● What this task involves: Drop the pictures; give again exactly the lines from the one holding "Bona Fide Fashion - Full" through the end of the data.

Segment Start: Recorded information

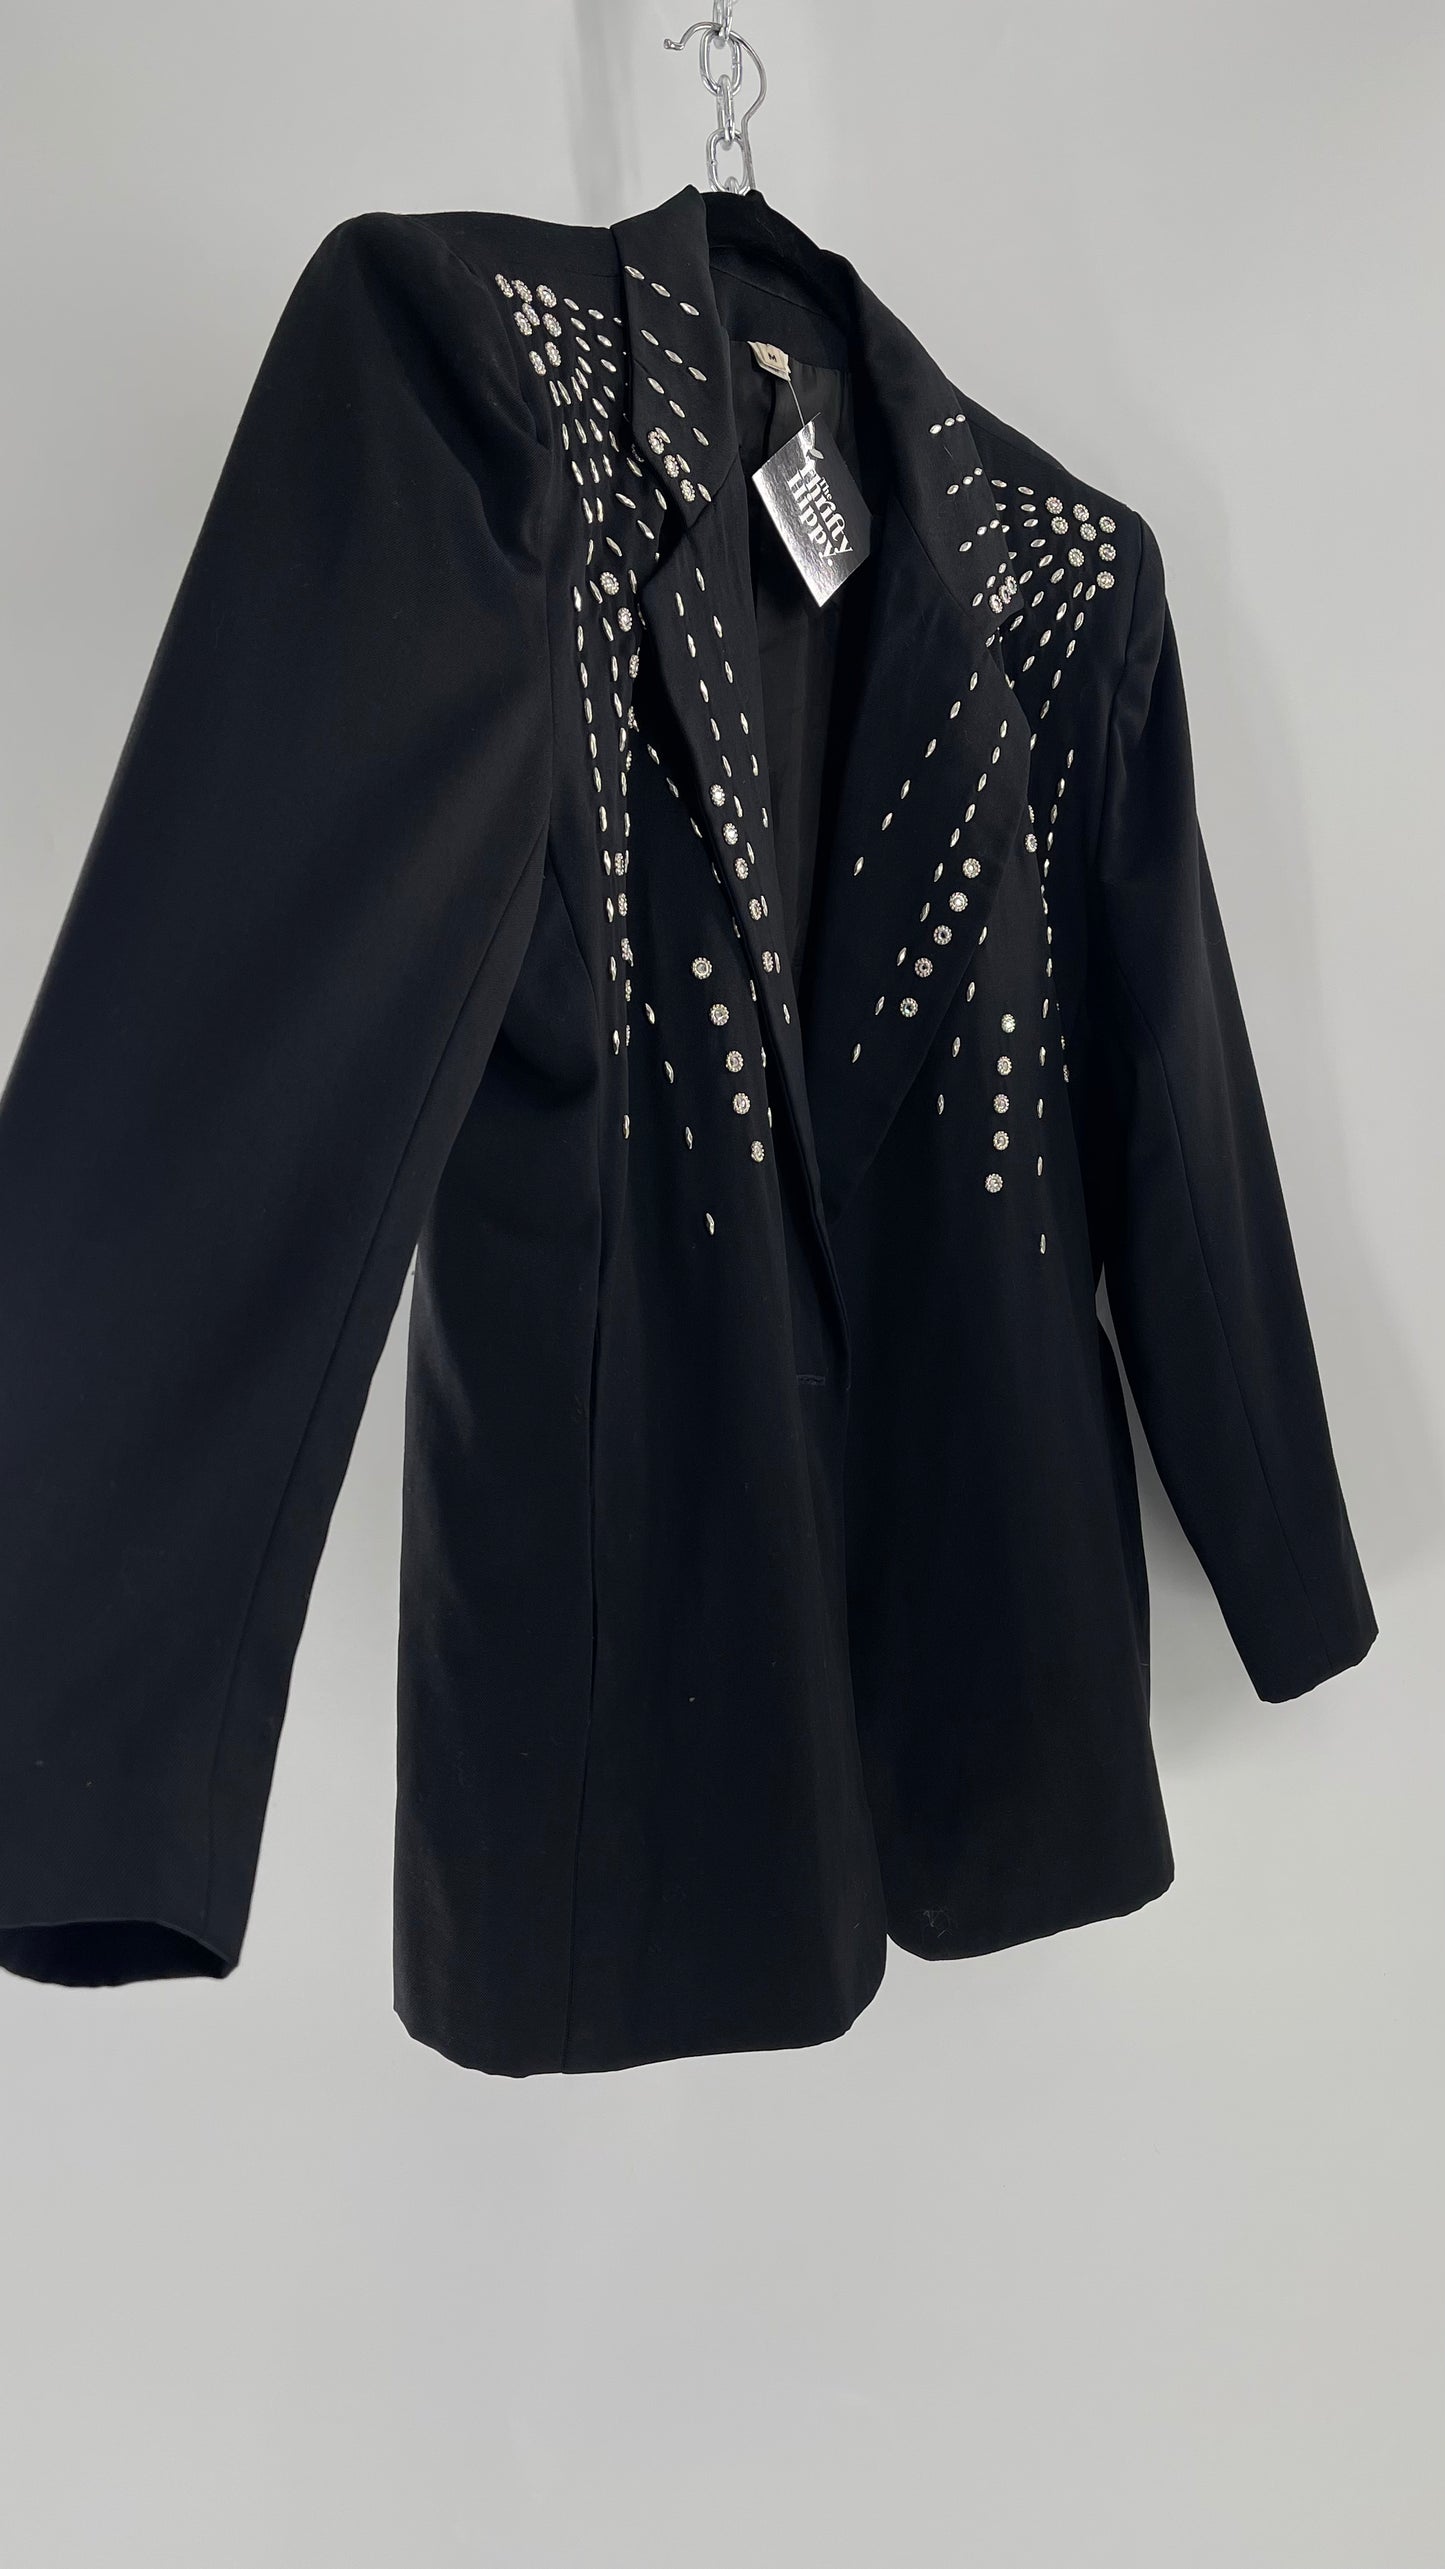 Vintage Black Blazer with Silver Metal Studs and Rhinestone Embellishments   (C)(Medium)
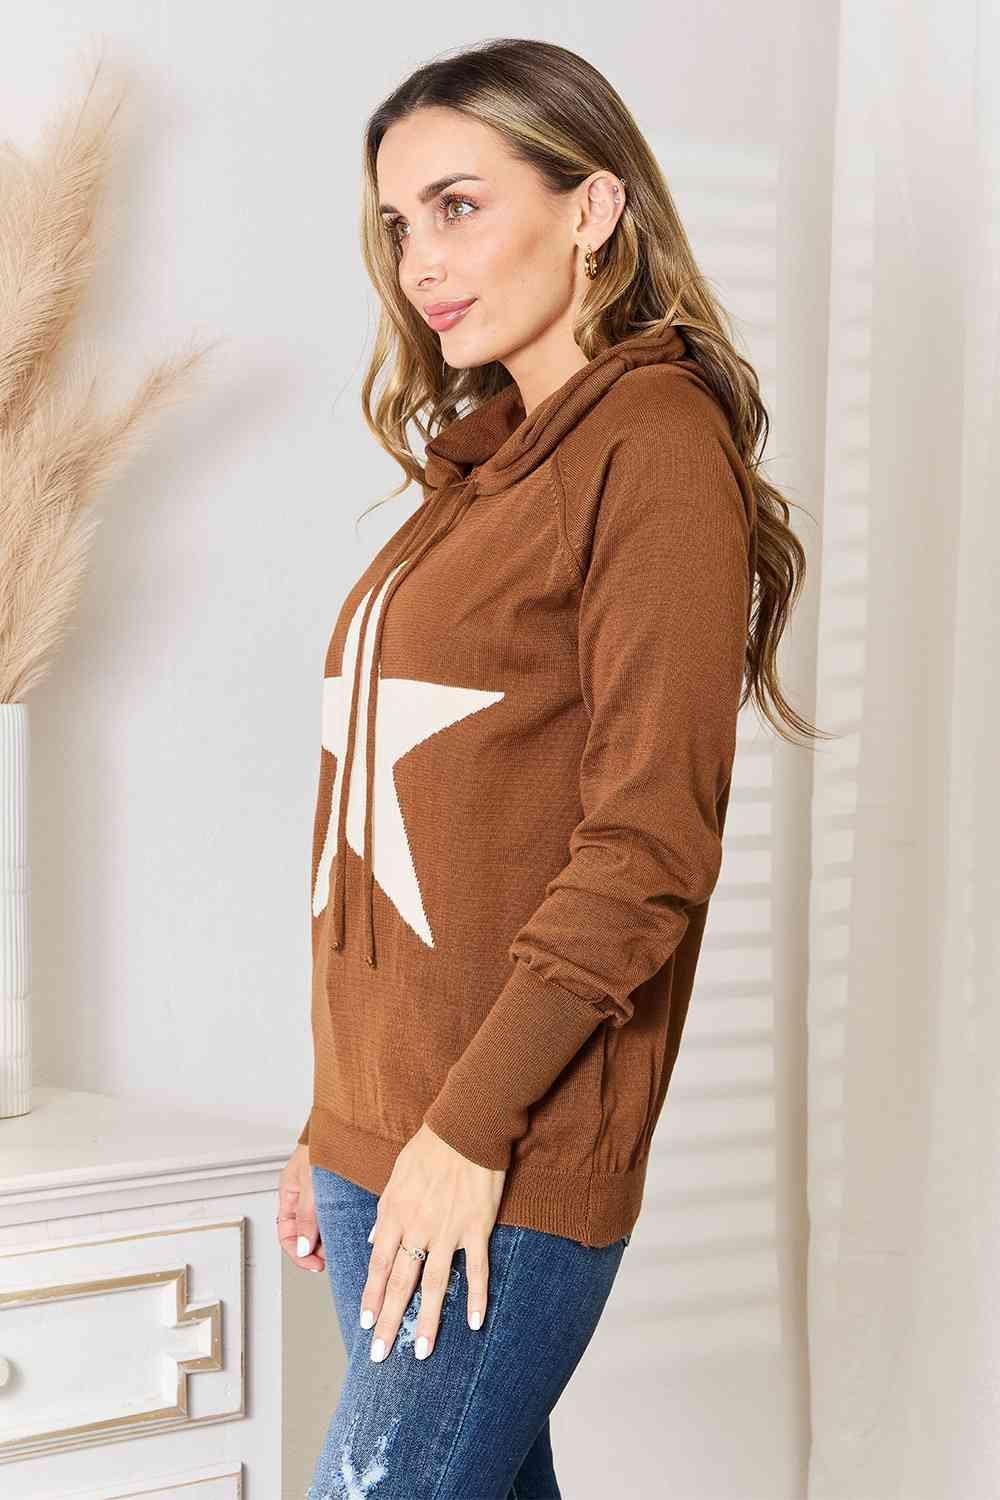 Bona Fide Fashion - Full Size Star Graphic Hooded Sweater - Women Fashion - Bona Fide Fashion
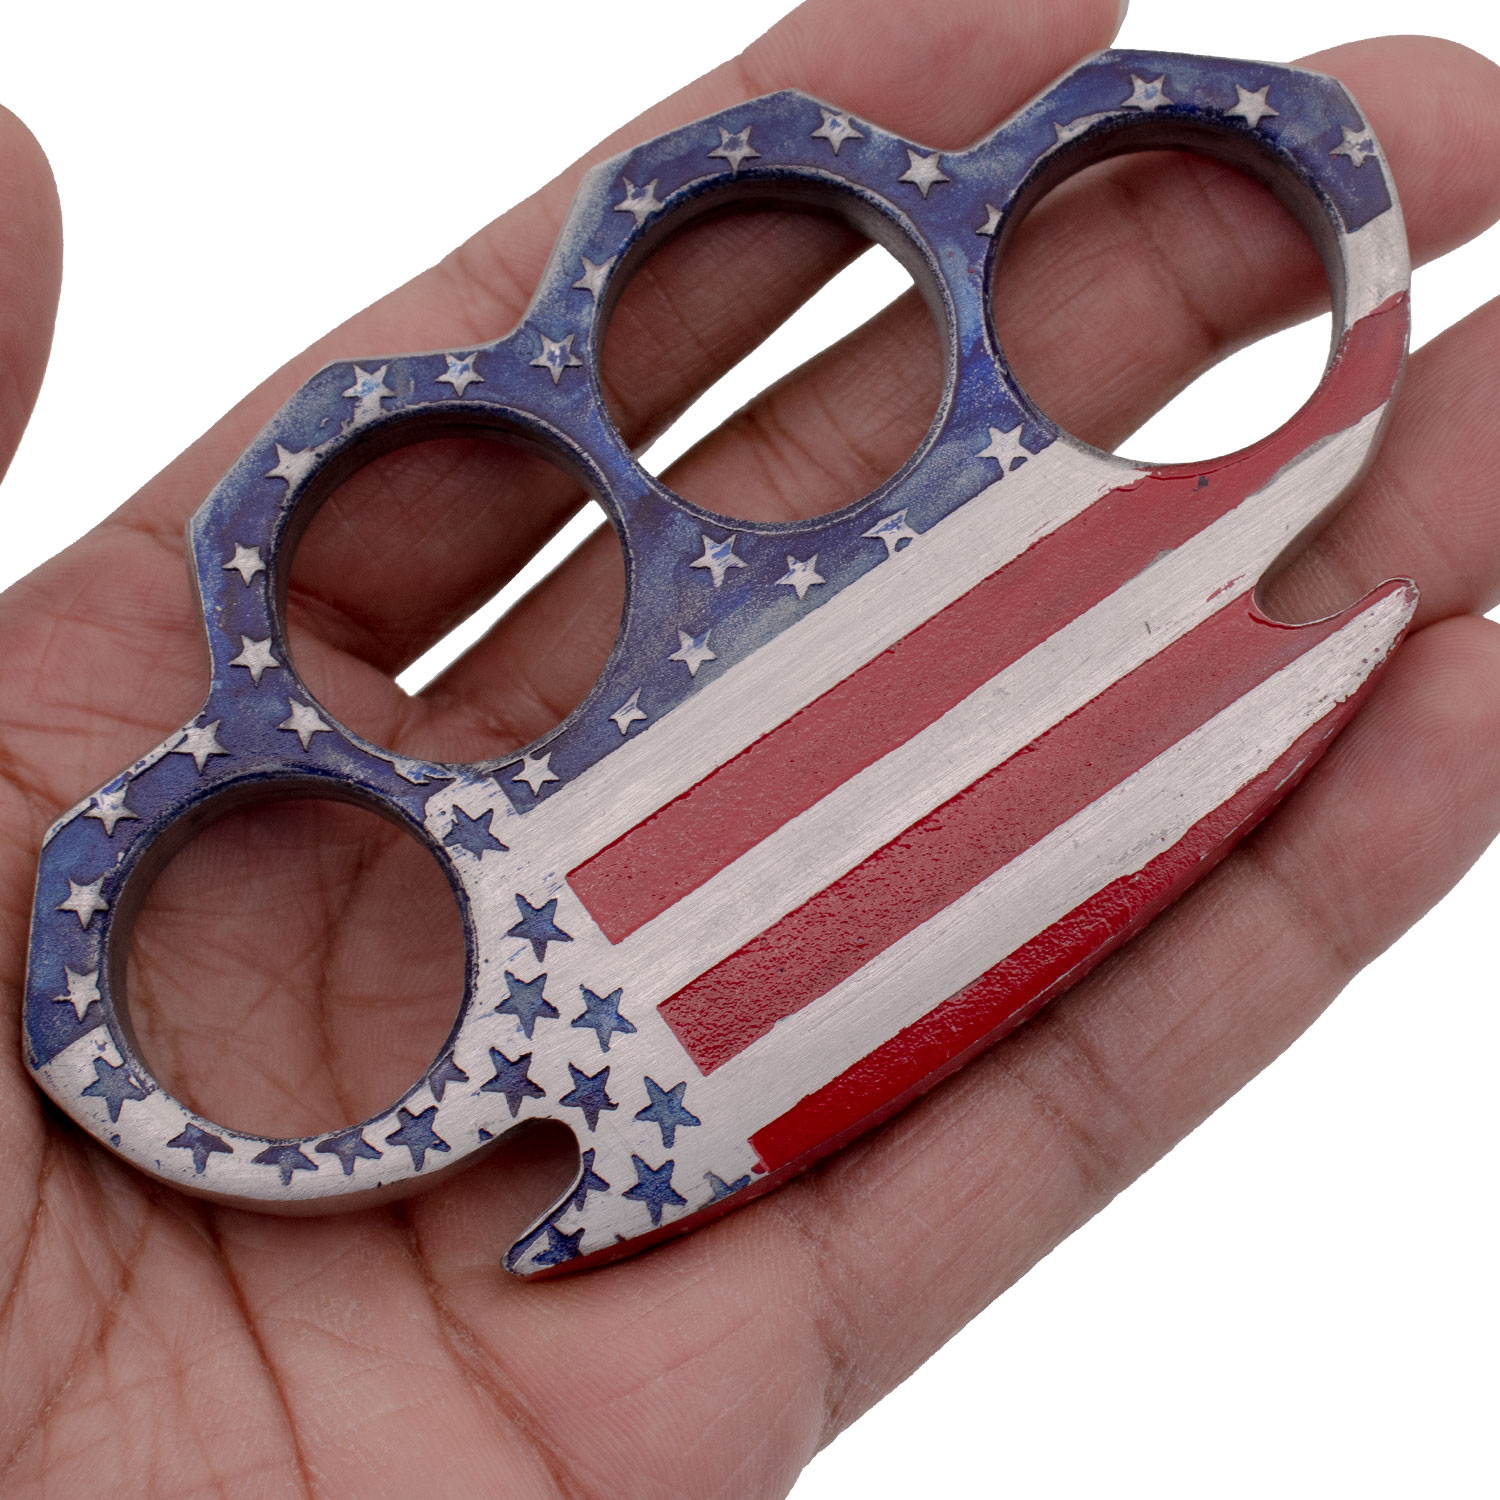 USA USA USA Heavy Duty Brass Knuckle Paperweight
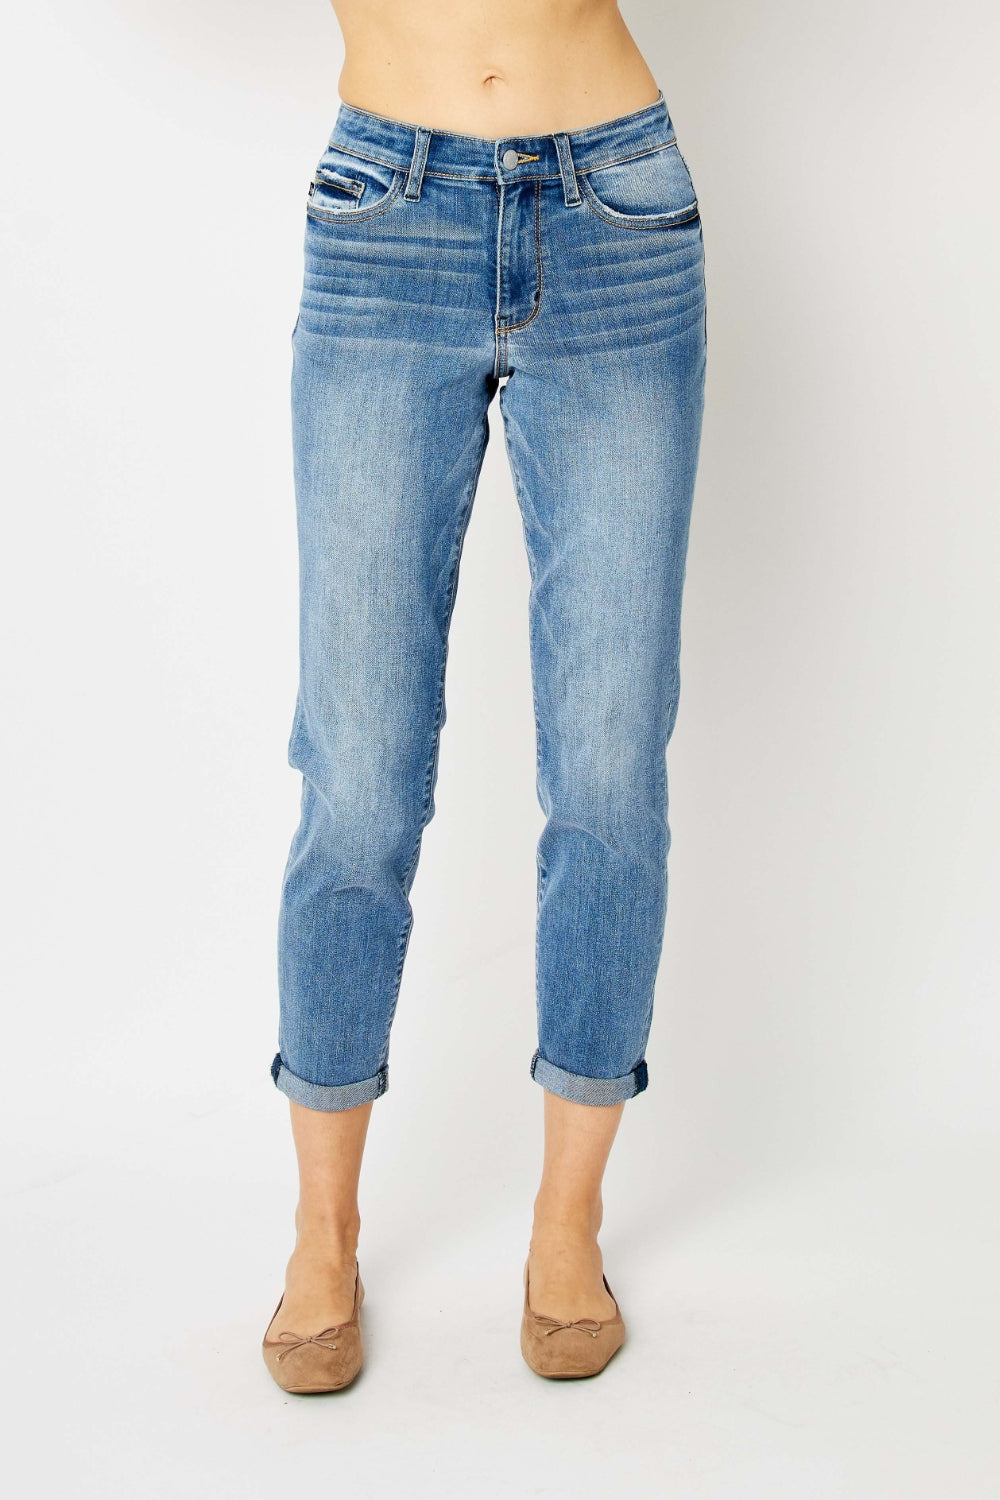 Judy Blue Full Size Cuffed Hem Slim Jeans pants Krazy Heart Designs Boutique Medium 0(24)

Segment End: Recorded information

● Answer area:
 Bona Fide Fashion - Full Size Star Graphic Hooded Sweater - Women Fashion - Bona Fide Fashion
 USA USA USA Heavy Duty Brass Knuckle Paperweight
 Judy Blue Full Size Cuffed Hem Slim Jeans pants Krazy Heart Designs Boutique Medium 0(24)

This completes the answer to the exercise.